I have just studied a new skill, and I feel that my level has risen to a level. Is the problem of cross-page item fetching. I've never understood it before. The code is as follows!
The item declares as follows:
Import scrapy class Quotesitem (scrapy. Item): = scrapy. Field () = scrapy. Field () = scrapy. Field () = scrapy. Field () = scrapy. Field () = scrapy. Field () = scrapy. Field ()
spider.py as follows
Importscrapy fromQuotes_2.itemsImportQuotesitemclassQuotesspider (scrapy. Spider): Name='Quotes_2_6'Start_urls= [ 'http://quotes.toscrape.com',] allowed_domains= [ 'toscrape.com', ] defParse (self,response): forQuoteinchRESPONSE.CSS ('Div.quote'): Item=Quotesitem () item['Quote'] = Quote.css ('Span.text::text'). Extract_first () item['author'] = Quote.css ('Small.author::text'). Extract_first () item['Tags'] = Quote.css ('div.tags A.tag::text'). Extract () Author_page= Response.css ('small.author+a::attr (HREF)'). Extract_first () item['Author_full_url'] =Response.urljoin (author_page)yieldScrapy. Request (url=item['Authro_full_url'], meta={'Item': item},callback=self.parse_author,dont_filter=True) Next_page= Response.css ('li.next a::attr ("href")'). Extract_first ()ifNext_page is notNone:next_full_url=Response.urljoin (next_page)yieldScrapy. Request (Next_full_url, callback=self.parse)defParse_author (self,response): Item= response.meta['Item'] item['author_born_date'] = Response.css ('. Author-born-date::text'). Extract_first () item['author_born_location'] = Response.css ('. Author-born-location::text'). Extract_first () item['author_description'] = Response.css ('. Author-born-location::text'). Extract_first ()yieldItem
"" Through the meta parameter, assign the item dictionary to the ' item ' key in Meta (remember that meta itself is also a dictionary).

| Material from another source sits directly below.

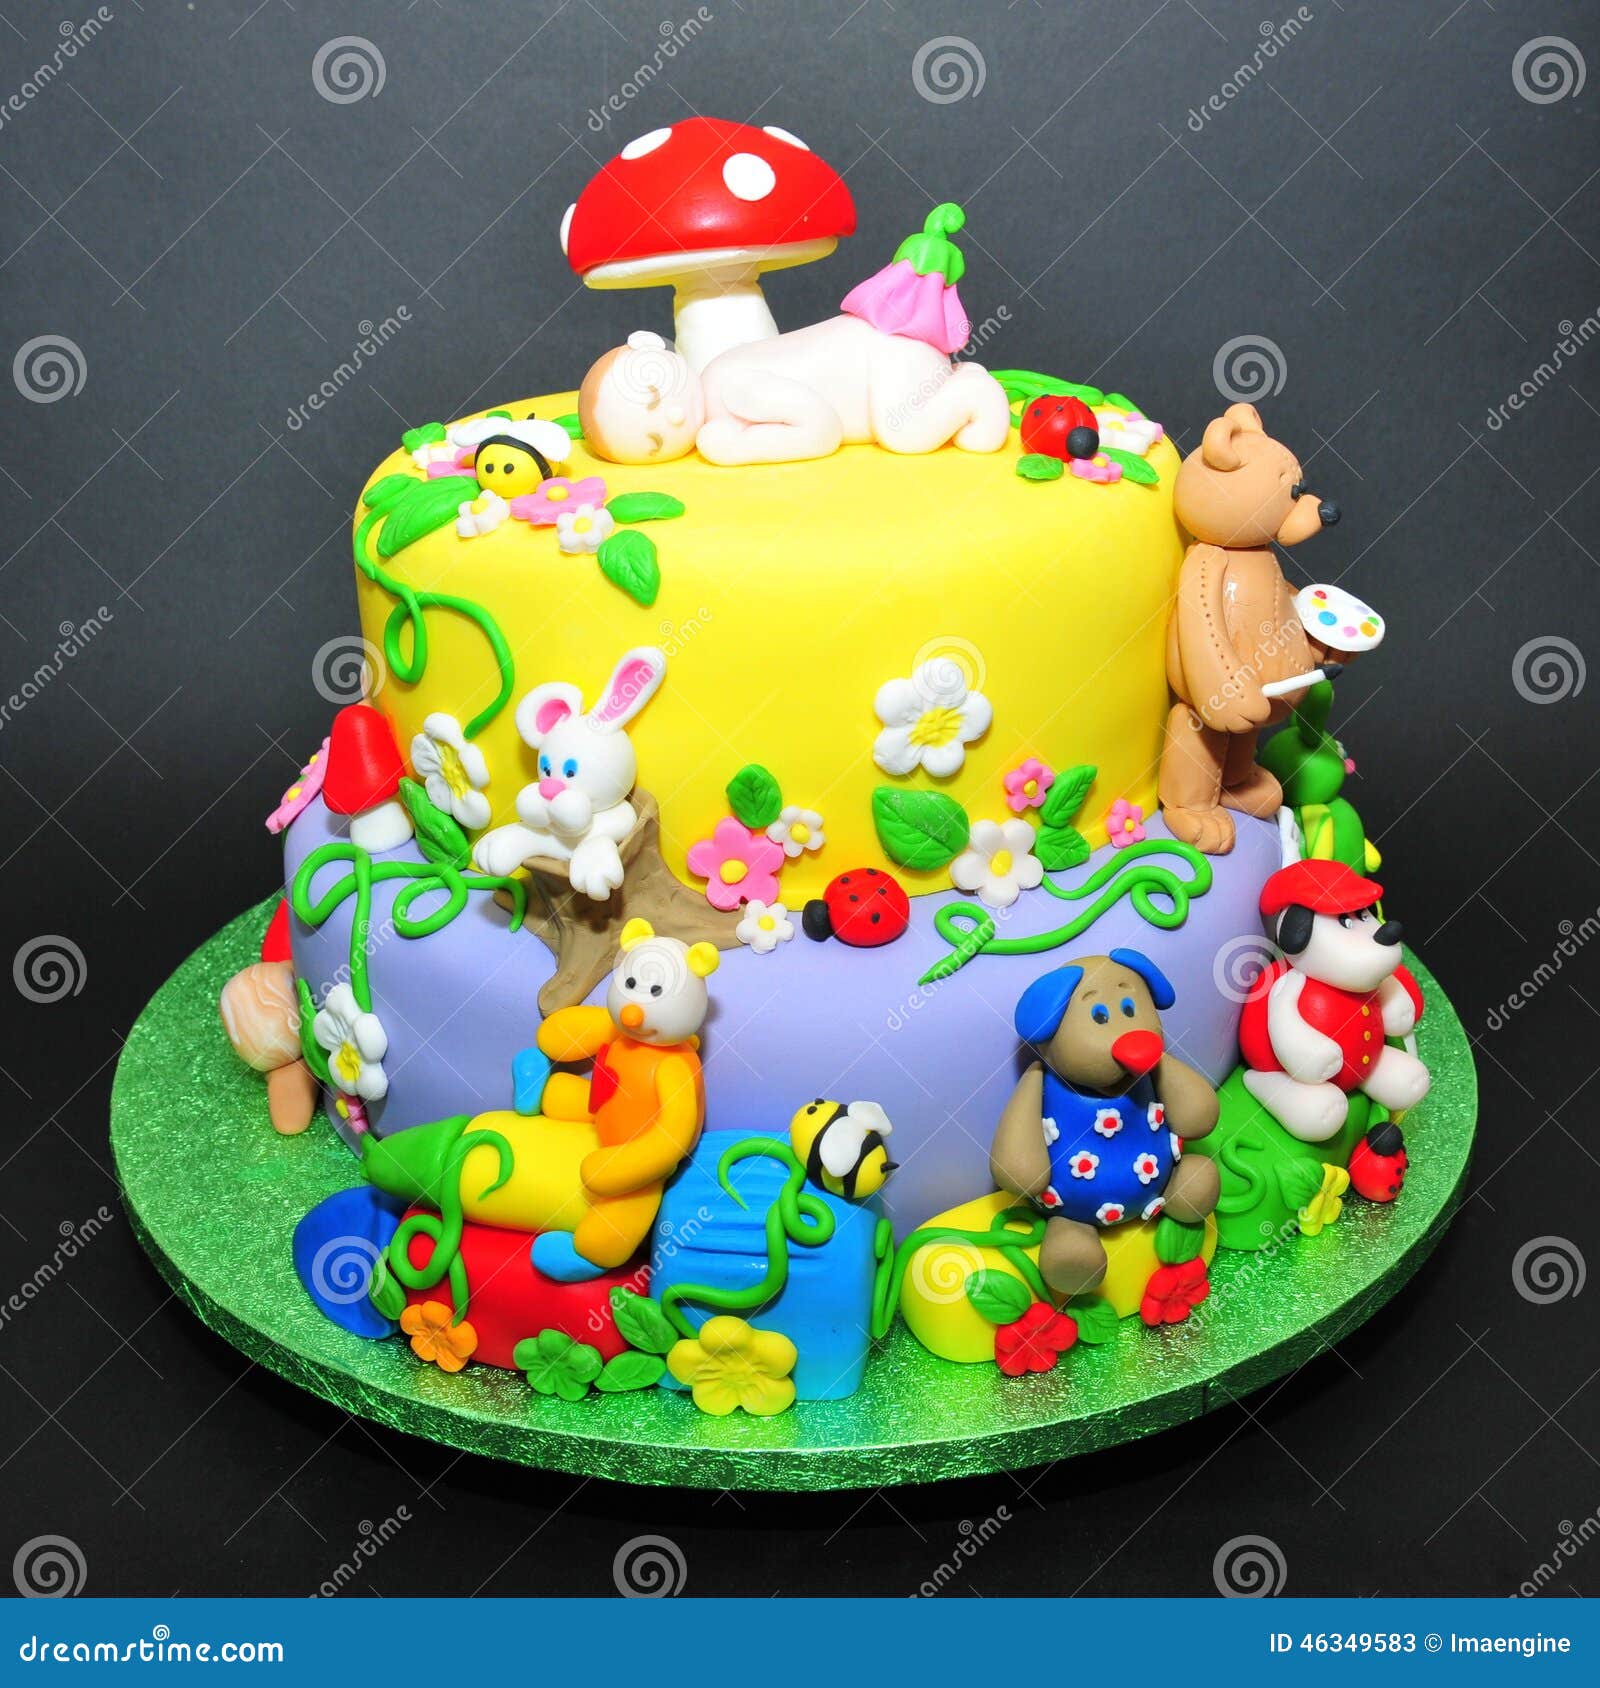 ☀️ Kids party cute fondant animals cake. Happy Sundate everyone ✨ Shop cakes/  desserts online: www.riverashbakery.com WhatsApp 87003352 | Instagram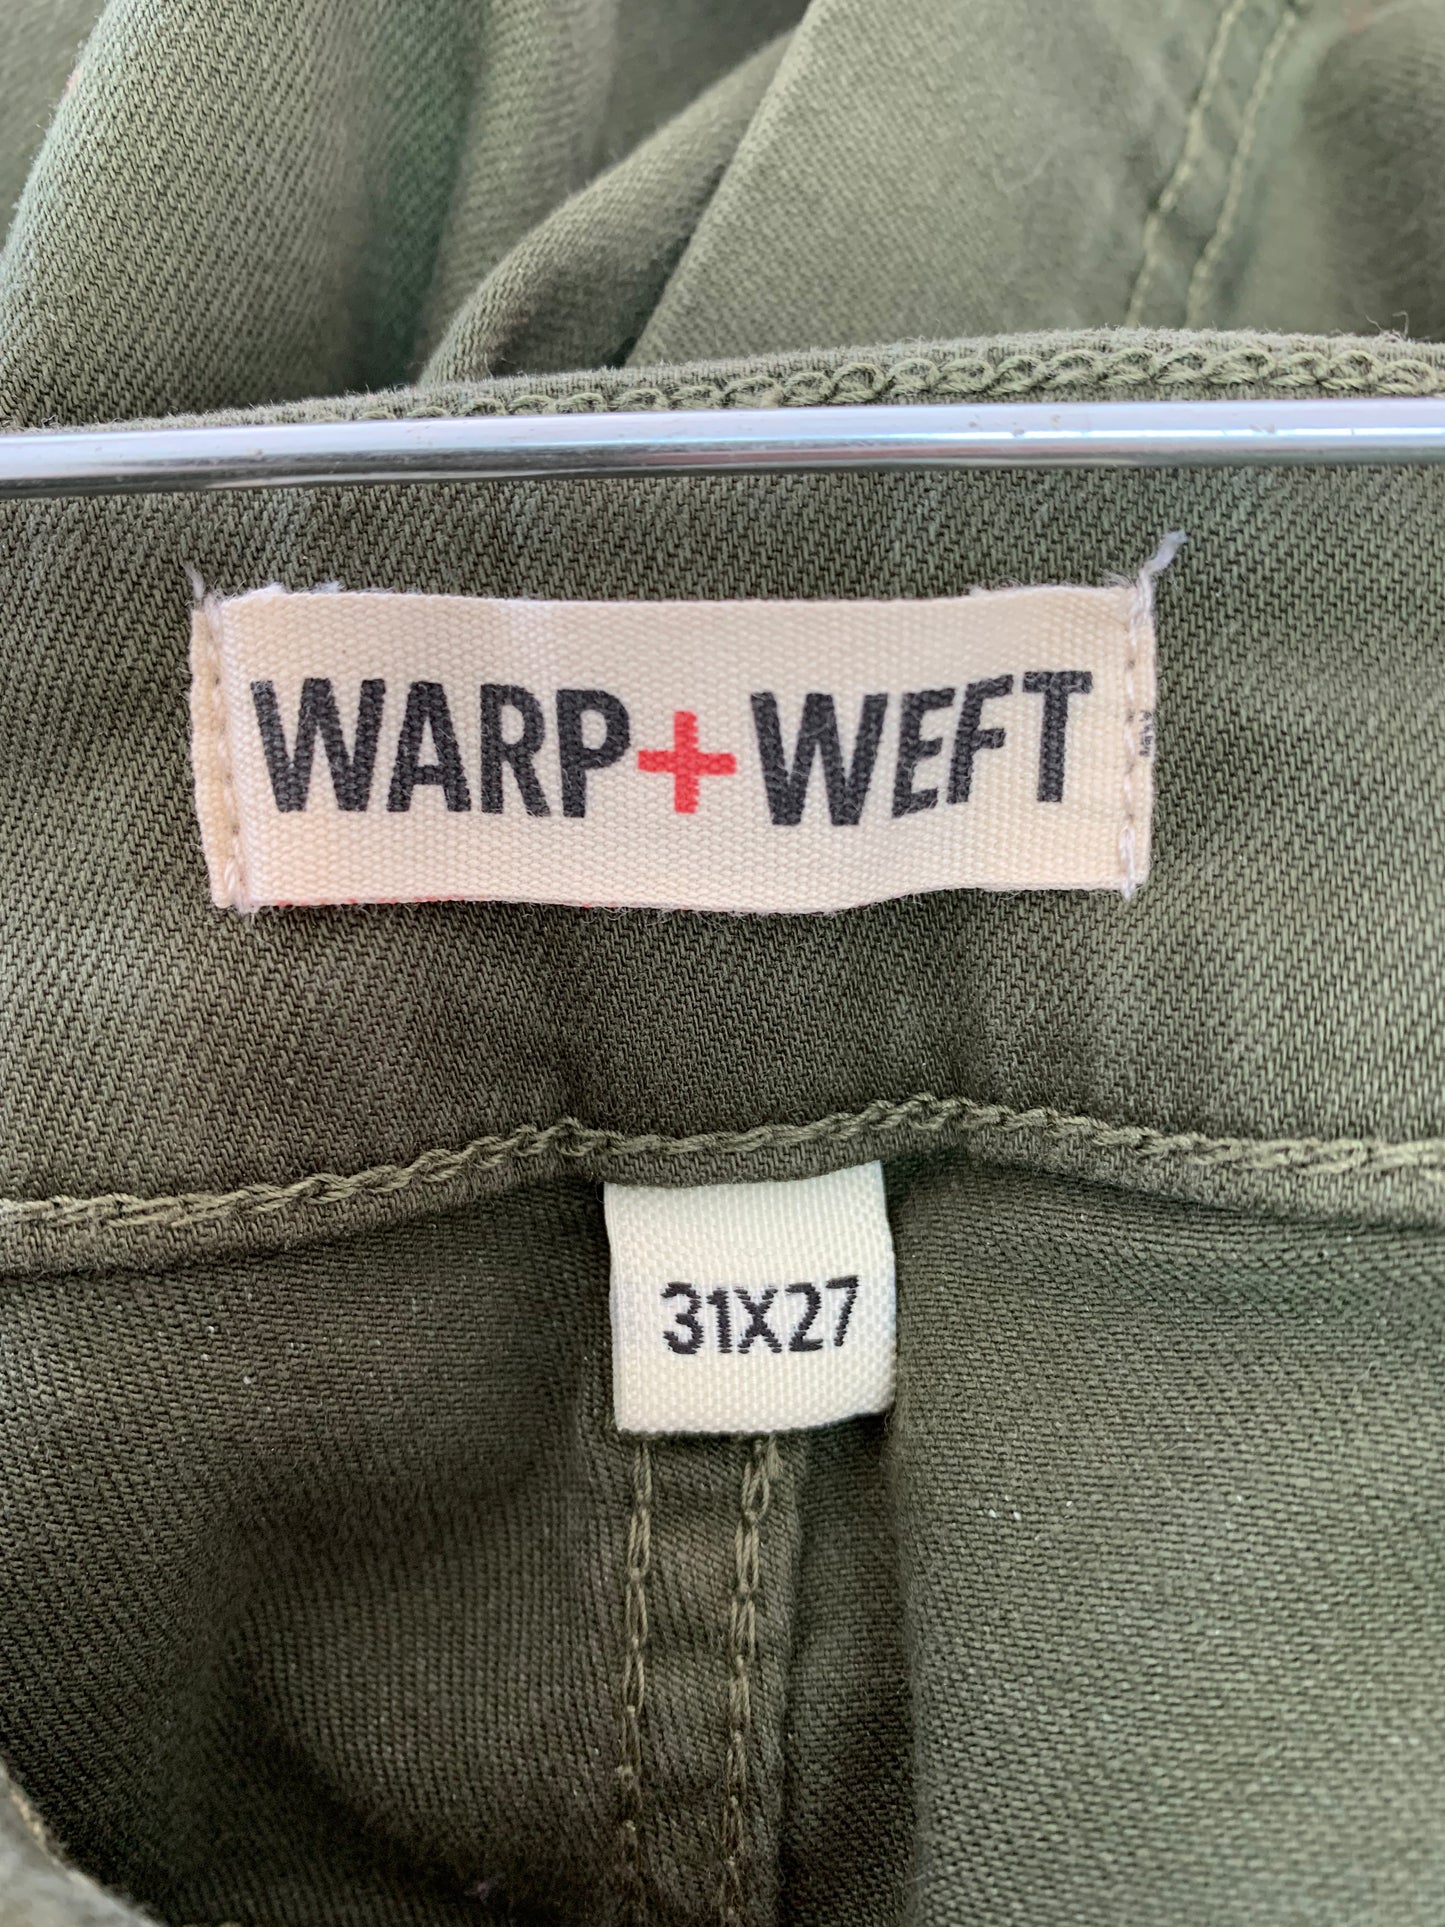 NWT - WARP + WEFT olive green ICN Incheon Wide Leg Pants - Size 31 x 27

Scrapy.request request URL into a "Request object", this meta dictionary (contains key value ' key ', ' key ' value is also a dictionary, that is, item)
is sent to the Parse2 () function "" in the Request object.
item = response.meta[' item '] # "" " This response already contains the meta-dictionary, which assigns this dictionary to item,
dont_filter= True to turn off again.
It's been almost one months. Python has made little headway. Now study the Scrapy project.